Bosch reported the group is working with the K21 Health Foundation regarding the blue-green algae toxin. That’s really an important health threat that we have on our lake that we’re trying to get a handle on so we can protect people from that.”
He noted the group is working with the Wawasee Area Conservancy Foundation on different projects with talk of doing some stream sampling to see what comes through the streams and into the lake. “We would be sampling four major streams coming into Wawasee. My vision for that is we need to
understand what’s coming in to the lake … what the sources of those pollutants are … which stream they come through and how much … can help them fix those problems and improve Wawasee.”
Bosch noted this is an important study and to move forward funding will need to be obtained as it would be a year long project.
The final area Bosch addressed was research. He reported the drought may have affected the blue-green algae on the lake this year. “The lack of rain has less material flowing onto the lake,” he noted allowing less material to cause the blue-green algae and toxin product. “So there is a silver lining
to the drought.”
He noted in 2009 the blue-green algae toxin was at 63 parts per billion.
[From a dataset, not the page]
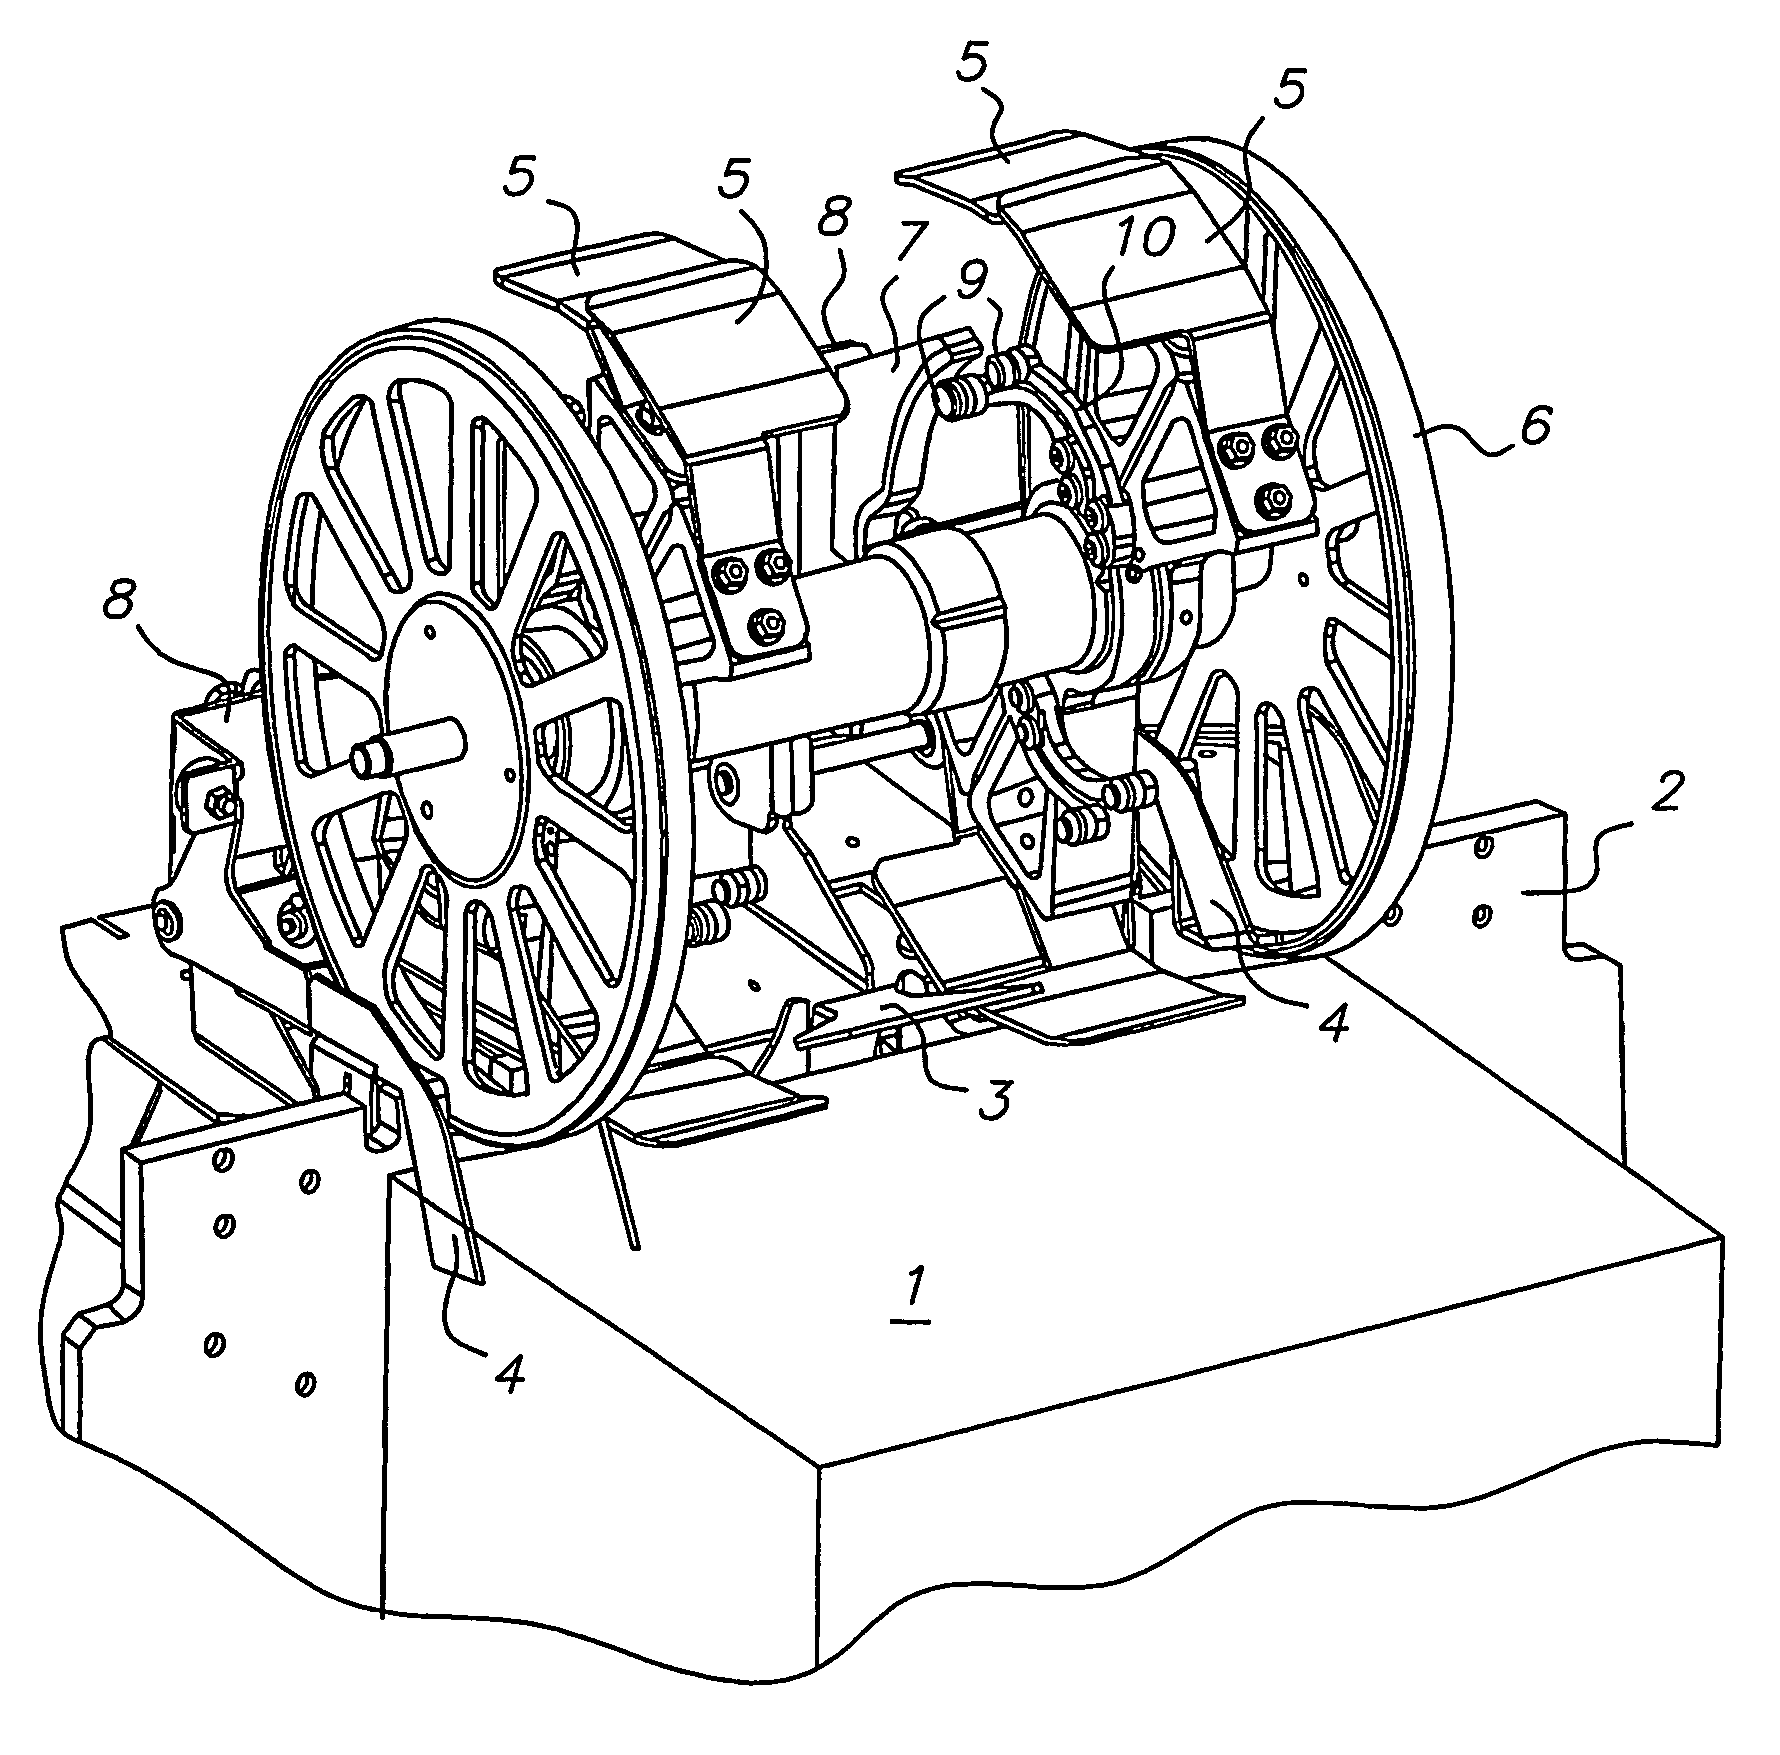 Device for placing sheets for a printer
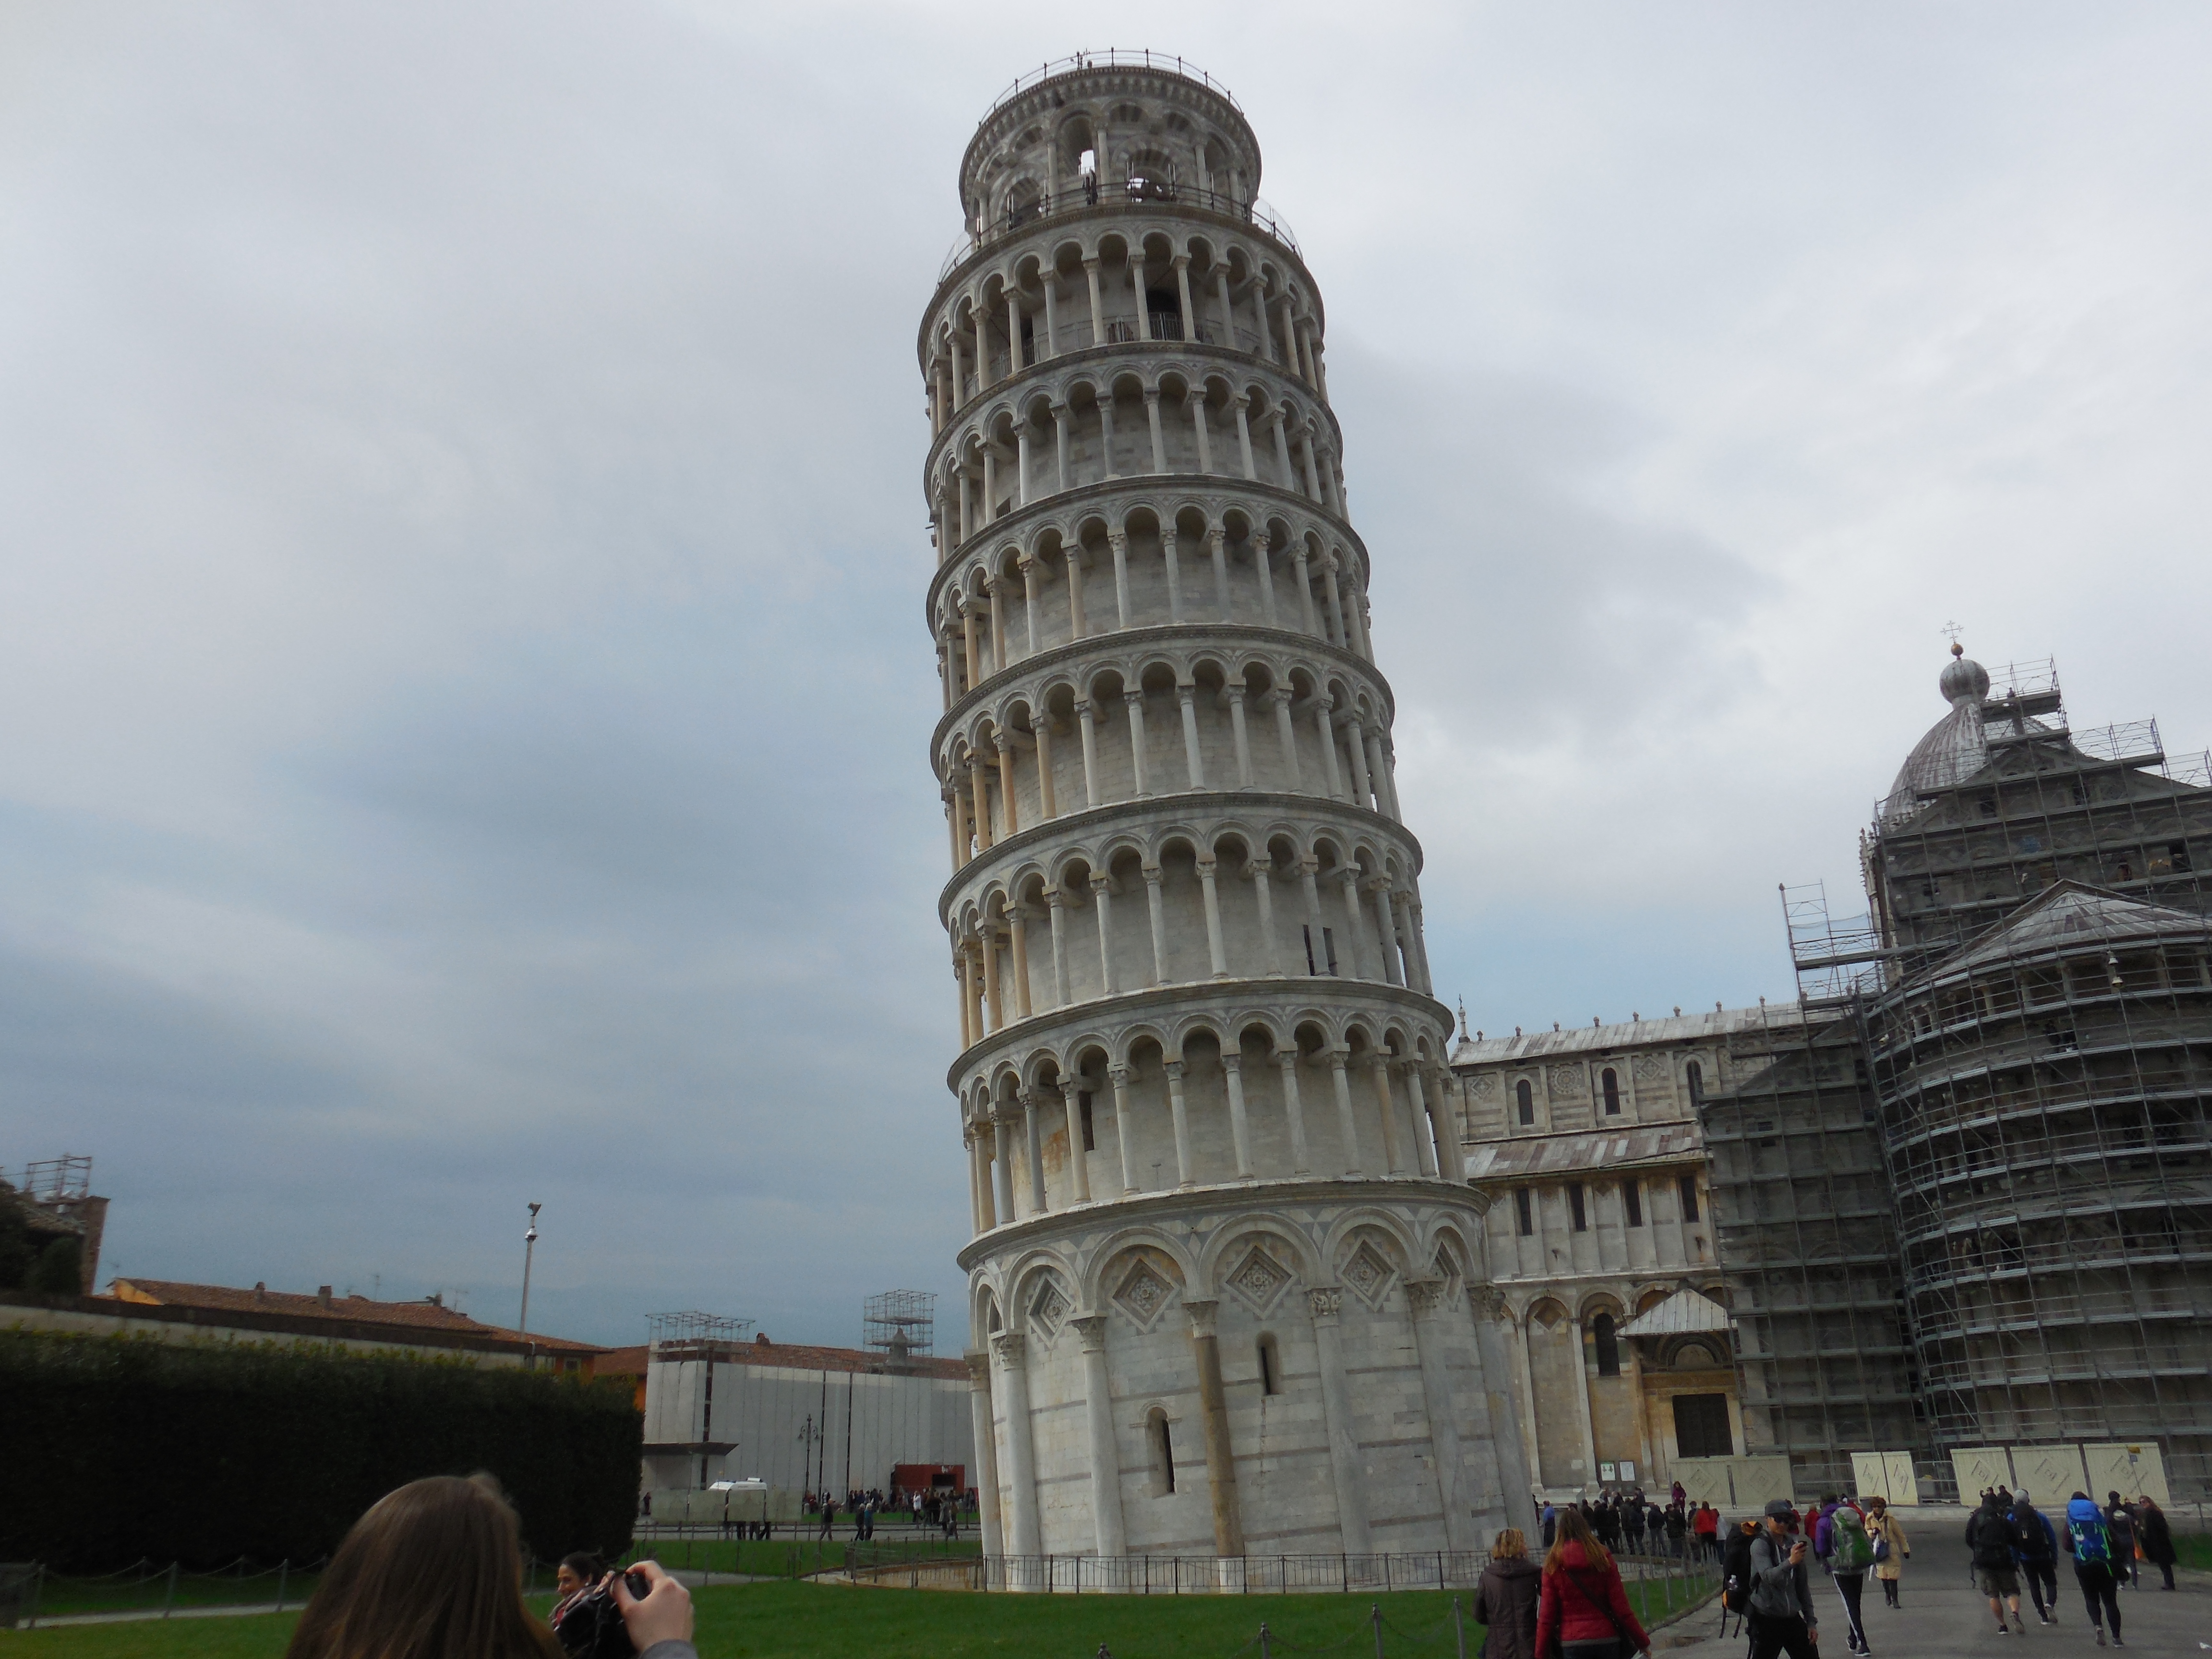 The Leaning Tower of Pisa!

The world health organization and IDEM recommends reduction of recreational contact with water for anything over 4 ppb. “This is was one of the things that pushed us going into this study.”
The following year there were no high levels with 2011 it rising up to 6 ppb, but in 2012 getting up
to only about 1 before going down to zero.
He also noted the study at Barbee Lake chains and Chapman lake on the affect of public sewers to see if public sewers make a difference in water quality or not. “Chapman Lake is our control lake,” stated Bosch noting there is no plans of putting public sewers at Chapman.
The group is also doing an economic impact study. Bosch noted while many present understood the economic value of the lake, there are individuals and groups who do not. “When I go talk to a lot of service organizations and other groups, they don’t get the value of the lake. They may not be living
on the lake, they didn’t grow up on the lake, so one of the ways we can get them involved (is through the economic value).
Noting he has already looked at sports fishing which brings in $28 million a year to the community, county, he is also looking at property taxes. “So I’ve been working with the property tax data for Kosciusko County … $8.3 million goes into Kosciusko County from property taxes just around Lake
Wawasee,” Bosch stated noting the total county tax revenue is $60 million.
“So 14 percent of the total tax revenue comes from just around Lake Wawasee. So the county is enjoying lots of income because of the lakes here. I’m adding all lakes, 25 acres or more,” he noted noting he is expecting the majority of the residential property taxes come from lake taxes. He also is
going to look into property values in relation to water quality. “If (water quality) gets worse does it impact property value for the worse? Those are just a few of the updates.”
President Ron Manahan was able to get a few words in before the brunt of the late afternoon storm hit and everyone took cover inside the Anderson home. He expressed appreciation for the initiative for the KLAS project. “It’s a wonderful thing. One of the things I like what Nate does. It is taking theory about the environment and putting it into practice. If we can’t make that connection it is really challenging to do … need to be shepherds and active stewards …”
Manahan also expressed appreciation for the support on the projects as well as other projects on the campus that individuals have assisted on in some form.